The goal is to code a very basic neural network in assembly.
I want to make a simple neural network, and luckily the Pico has a multiplication instruction (unlike the 6502 processor). Additionally, Stephen Smith and Low Level Learning have already demonstrated assembly running directly on the Pico. I took both their tutorials and created a more fleshed out assembly setup.

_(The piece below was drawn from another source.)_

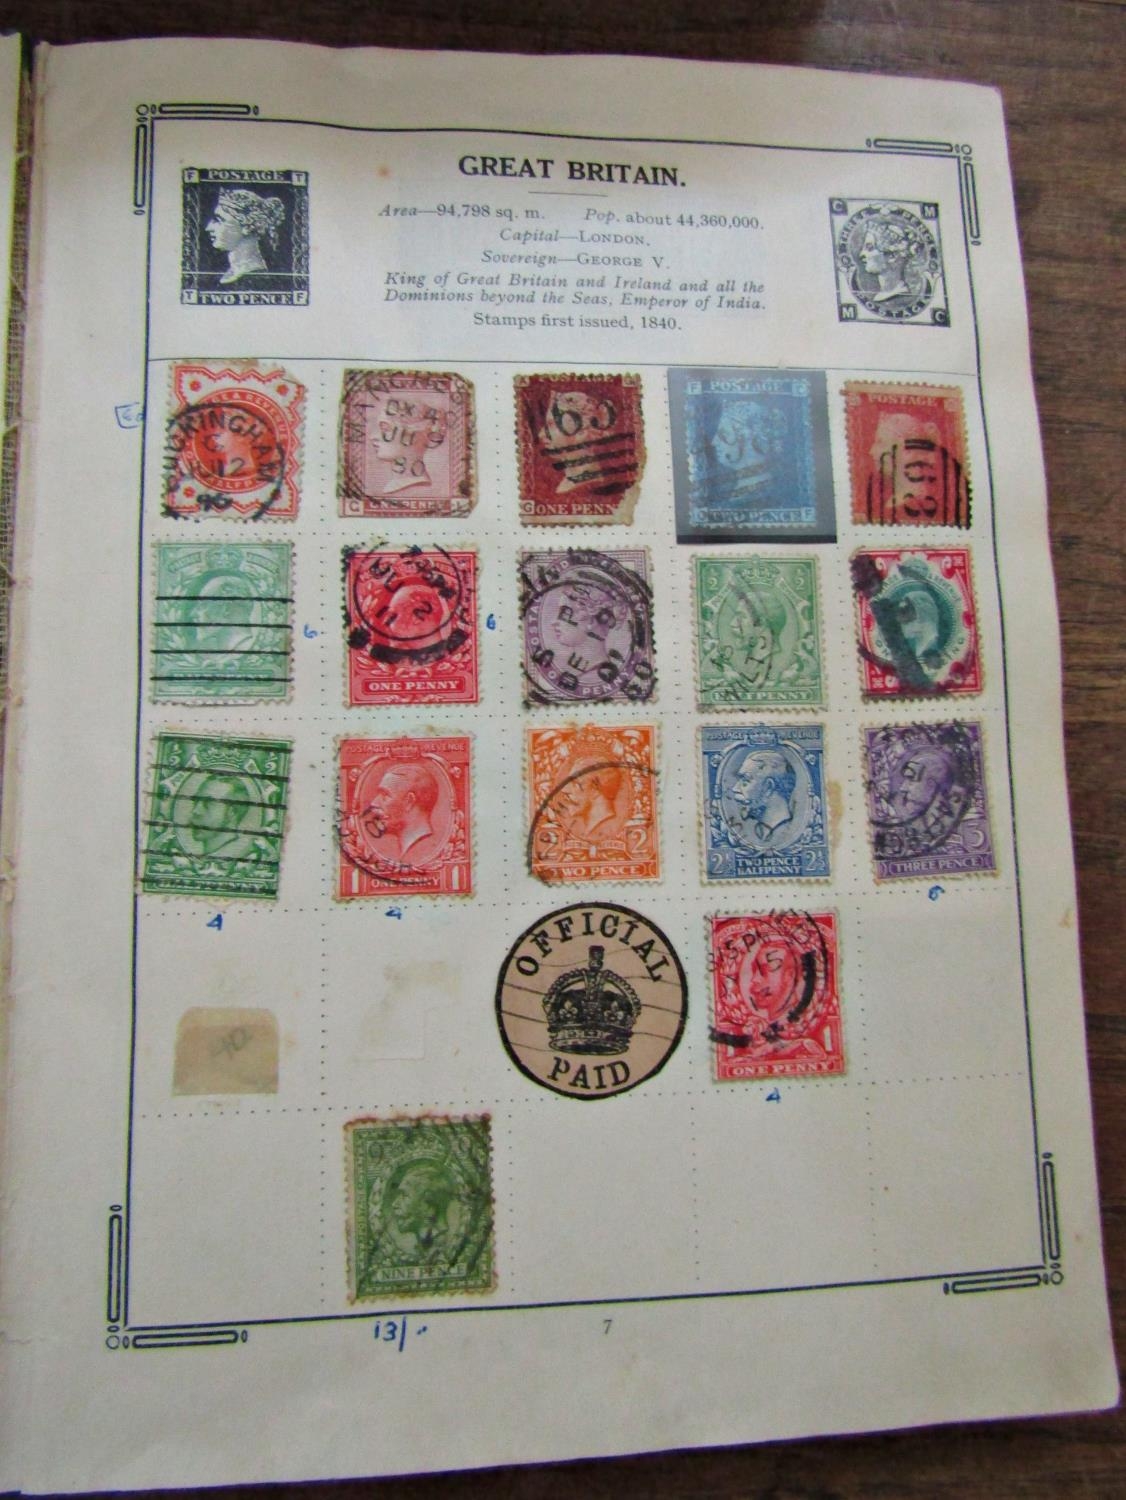 A stamp book containing British and worldwide stamps including a penny red and two penny blue - Image 2 of 3

This is going to be a bit of a challenge, but I'm looking forward to learning ARM assembly and pushing the Pico to its limits!
Starter Code
In the collapsed files, I recreated the starter blink code in assembly.
assembly.s
.global main
.thumb_func @ use 16-bit instructions
@@@@@@@
.data @ constants and variables
@@@@@@@
gpiosetdiroutreg: .word 0xd0000024 @ address of gpio out register
gpiosetonreg: .word 0xd0000014 @ address of gpio on register
gpiosetoffreg: .word 0xd0000018 @ address of gpio off register
.equ led, 25 @ set led pin to 25
.equ gpio_out, 1 @ enable gpio output
.equ sleep_time, 250 @ sleep time in ms
@@@@@@@
.text @ program instructions
@@@@@@@
main:
mov r0, #led
bl gpio_init @ initialize led pin
mov r0, #led
mov r1, #gpio_out
bl gpiosetout @ enable led
b blink
blink:
mov r0, #led
bl gpio_on @ turn on led
ldr r0, =sleep_time
bl sleep_ms @ sleep for sleep_time ms
mov r0, #led
bl gpio_off @ turn off led
ldr r0, =sleep_time
bl sleep_ms
b blink @ repeat to blink led
gpiosetout:
movs r3, #1 @ set the output register to 1
lsl r3, r0 @ shift to pin position
ldr r2, =gpiosetdiroutreg @ get gpio out address
ldr r2, [r2]
str r3, [r2]
bx lr
gpio_on:
movs r3, #1
lsl r3, r0
ldr r2, =gpiosetonreg @ get gpio on address
ldr r2, [r2]
str r3, [r2]
bx lr
gpio_off:
movs r3, #1
lsl r3, r0
ldr r2, =gpiosetoffreg @ get gpio off address
ldr r2, [r2]
str r3, [r2]
bx lr
.end
build.sh
mkdir build
cd build/
cmake ..
make
cp assembly.uf2 /path/to/RPI-RP2/
CMakeLists.txt and pico_sdk_import.cmake
# CMakeLists.txt
cmake_minimum_required(VERSION 3.12)
# Pull in SDK (must be before project)
include(pico_sdk_import.cmake)
project(pico-asm C CXX ASM)
set(CMAKE_C_STANDARD 11)
set(CMAKE_CXX_STANDARD 17)
# Initialize the SDK
pico_sdk_init()
add_executable(pico-asm
assembly.s
)
# Pull in our pico_stdlib which aggregates commonly used features
target_link_libraries(pico-asm pico_stdlib)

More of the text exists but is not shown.